And so that was a pretty impressive, I think it was even before the GDPR went into effect, and we were already applying those concepts, which is nice.
One small pitch, though, is that at Cloudflare, we're continuing to take things further.
And I think it was this week, Tarek could probably talk more about it.
We announced we're working on ODO.
And that, in some respects, is taking this whole implementation even further in that no two parties will have both pieces of information and know both the requester and the destinations, which is really nice to see moving forward.
Yeah, I think that's really important.
And I think one of the things that we talk about a lot, too, and this goes both to the web analytics point, especially to 1.1, is there's an ocean of data out there in the world right now on the Internet.
And our goal is to really shrink that ocean.
So rather than, you know, there's a lot of important work being done to try to put rules and protections around how that ocean of data is being used.
But one really great way to kind of help with privacy is to just not put data into that data ocean or to minimize what amount of data is in there.
So I love that we keep doing things that try to accomplish that. Tara, do you want to jump in a little bit and talk about ODO?
Sure.
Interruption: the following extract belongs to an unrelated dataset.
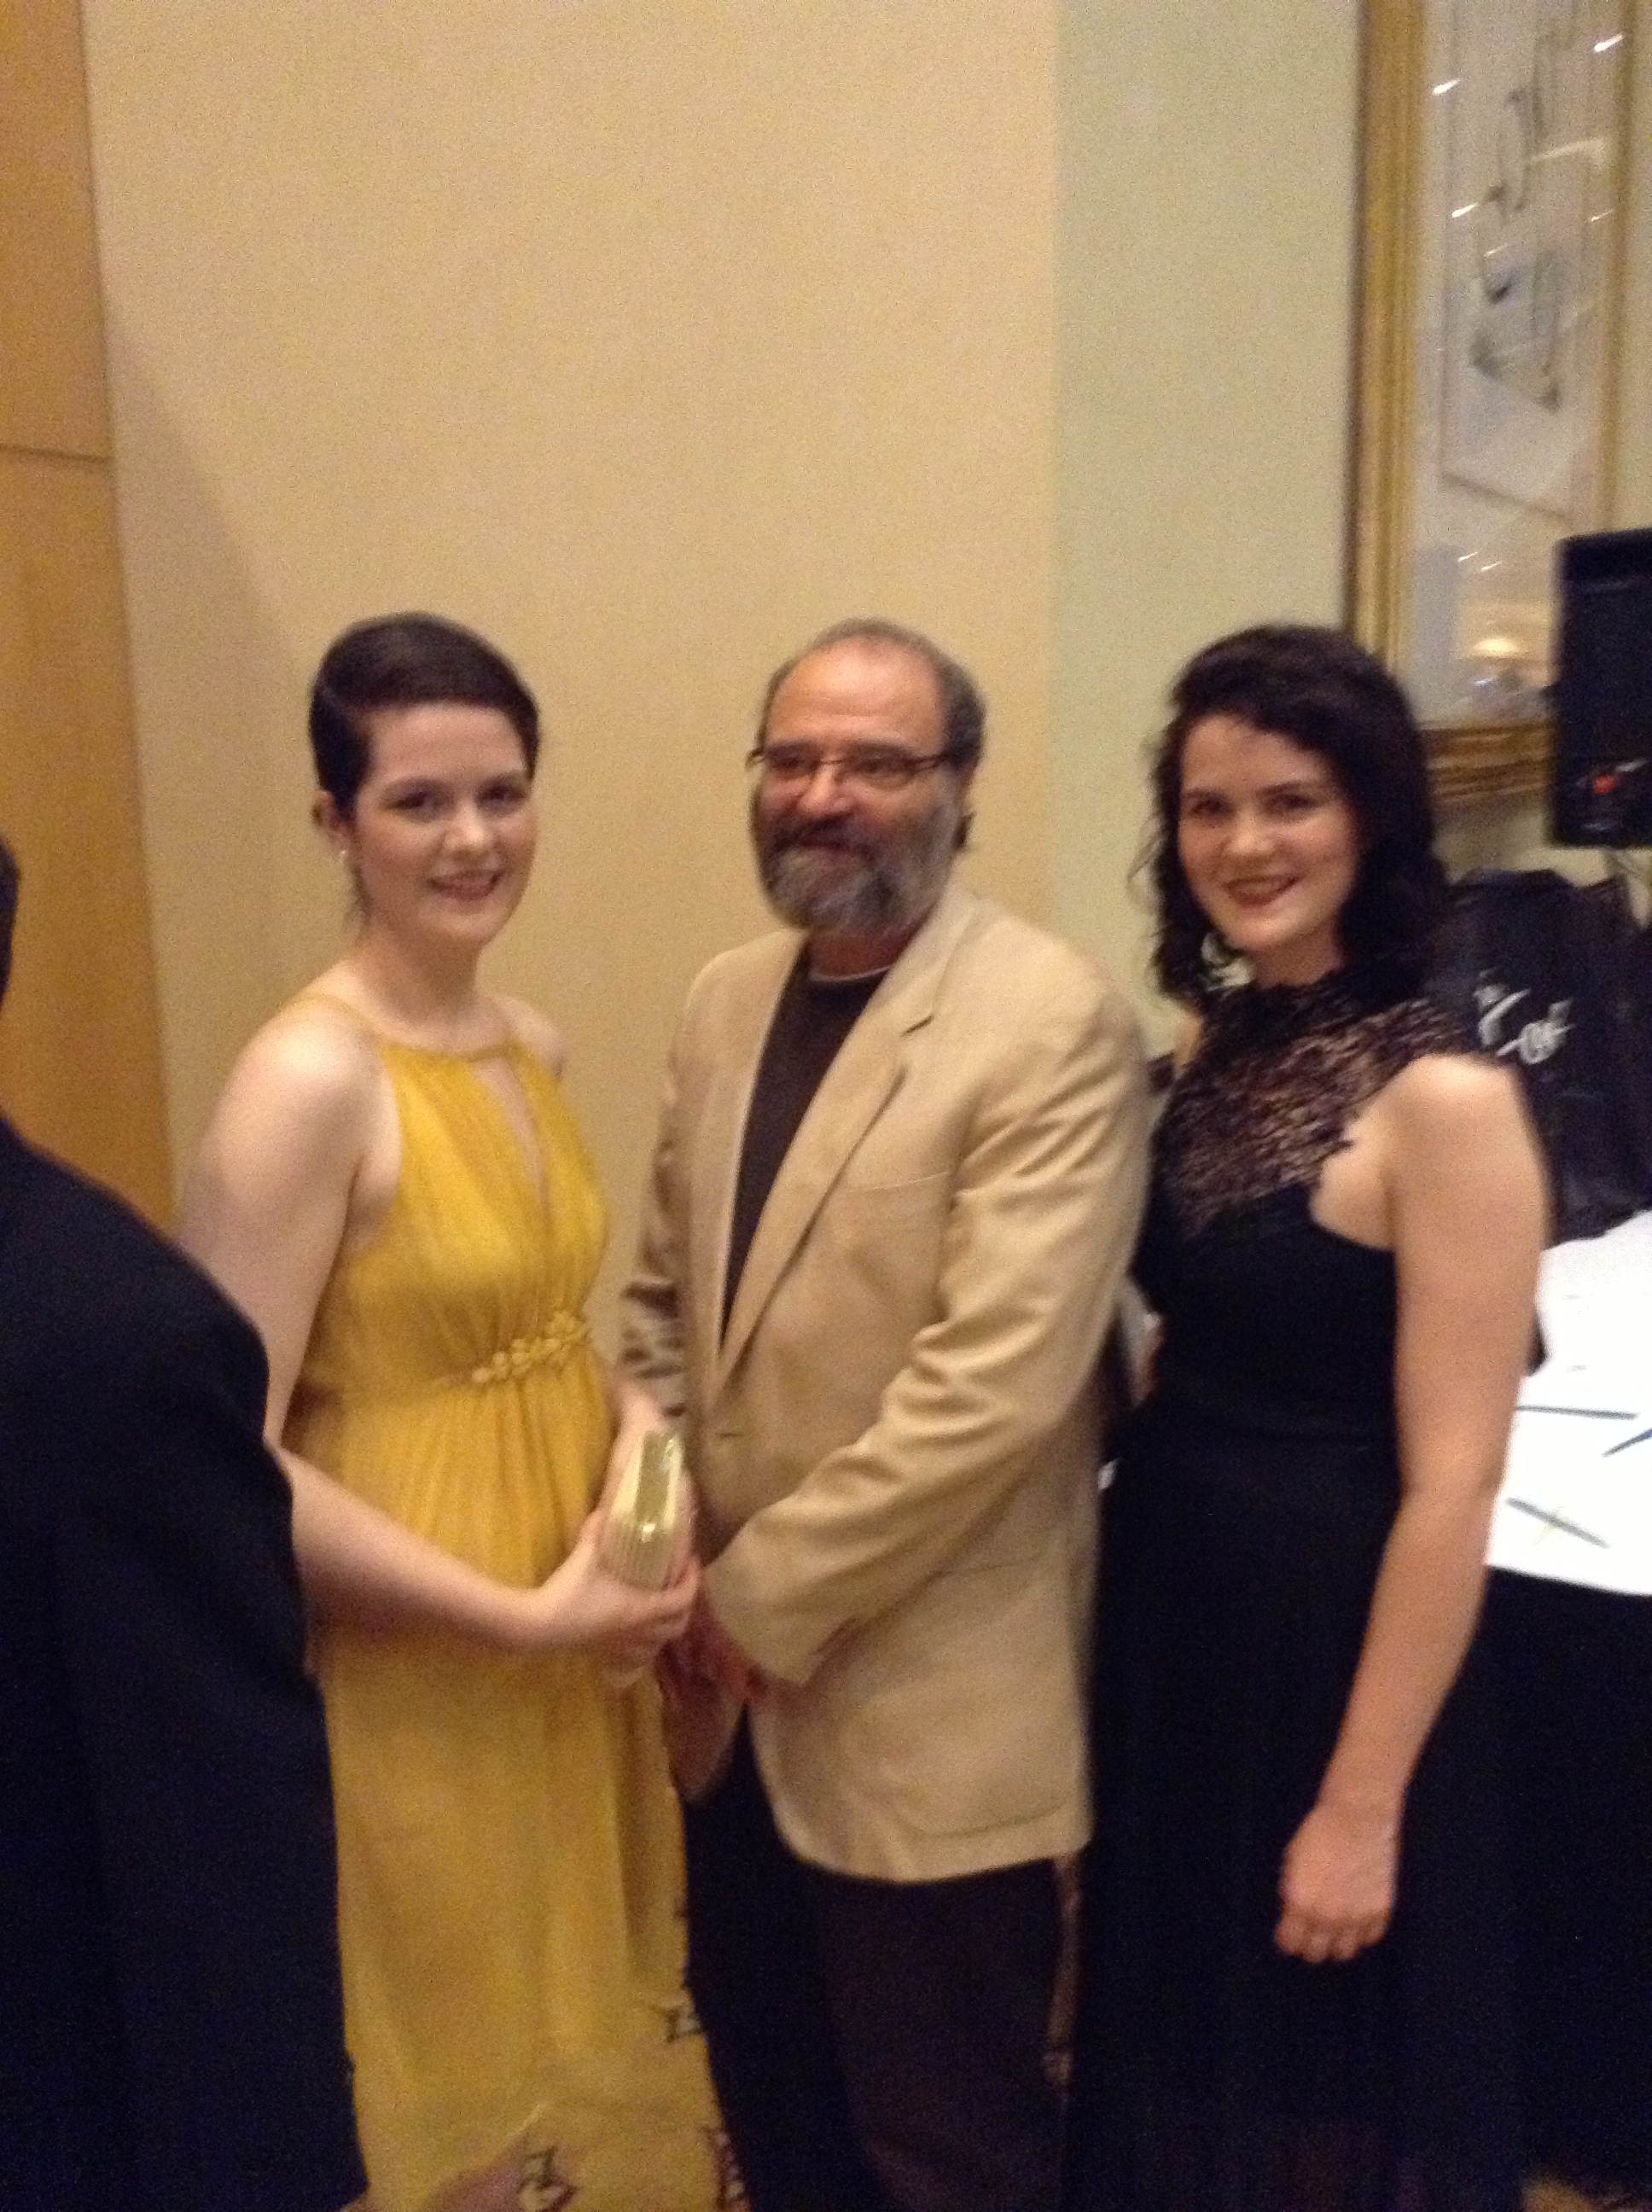 with Kailey & Samantha Spear, Leo Awards, 2013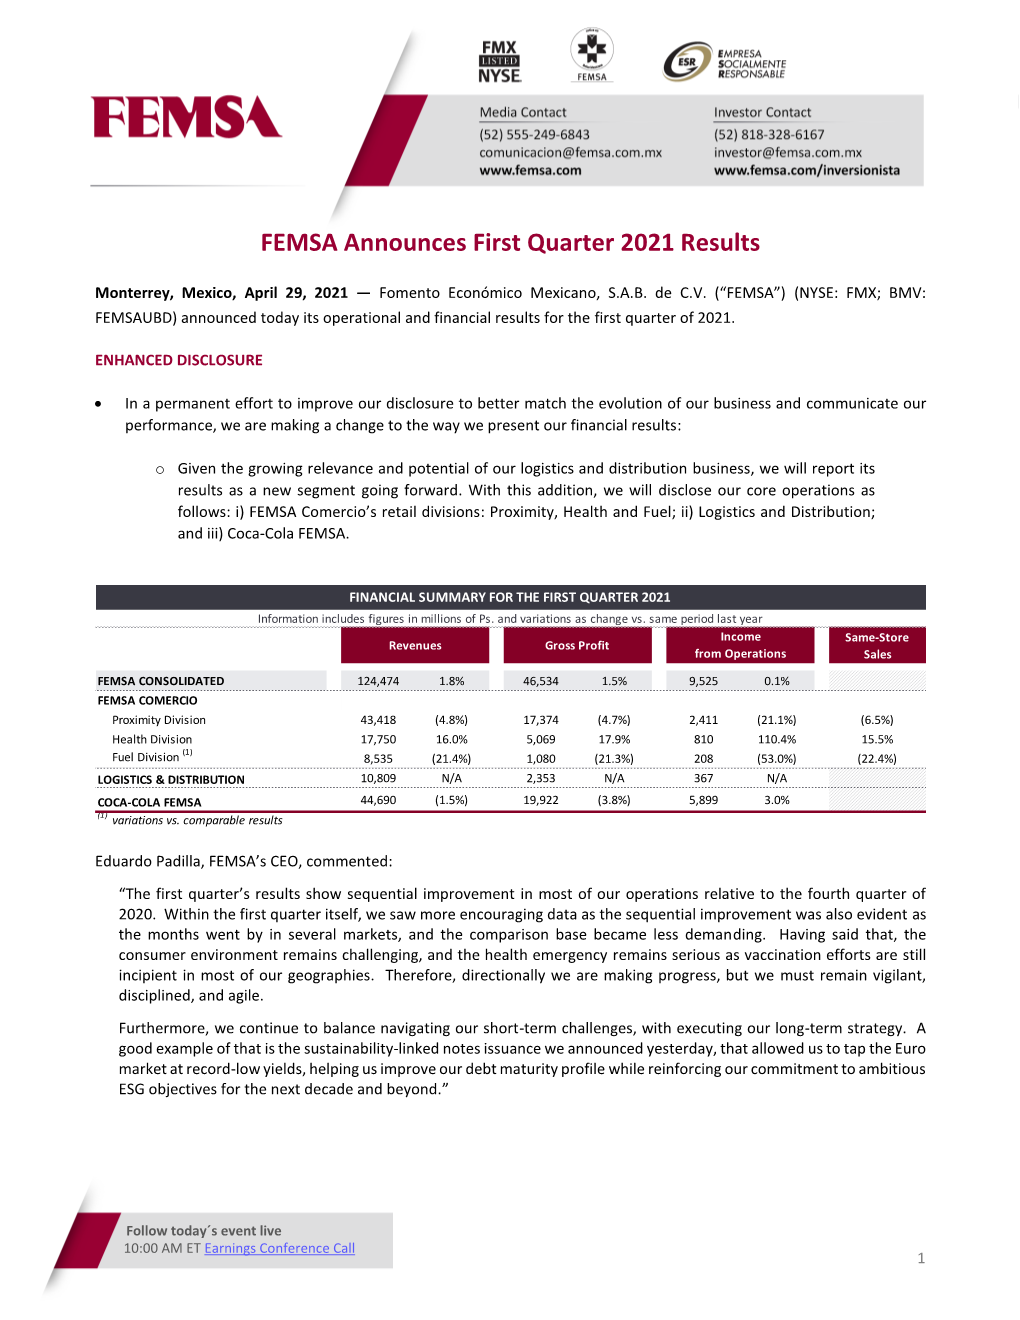 FEMSA Announces First Quarter 2021 Results

I was very happy to see support go out for this.
As a person working in the research team, I was very excited about new developments.
I think IDO set it up pretty well, so I'm going to keep it at a pretty high level.
But the idea of this, the ODO, the Oblivious DNS over HTTPS, really is this idea that you have a query, you have a question about, I have a domain name, I have something I want to look up to find the IP address.
So there's where the information is, and there's the person who wants this answer.
But you sort of try to separate these things so that you can have one party who says, someone has asked a question and I want to get them the answer, but maybe I don't need to see what's inside to know what that is.
And the other party who's trying to answer the question, who doesn't actually need to know the identity of the person asking the question in the first place.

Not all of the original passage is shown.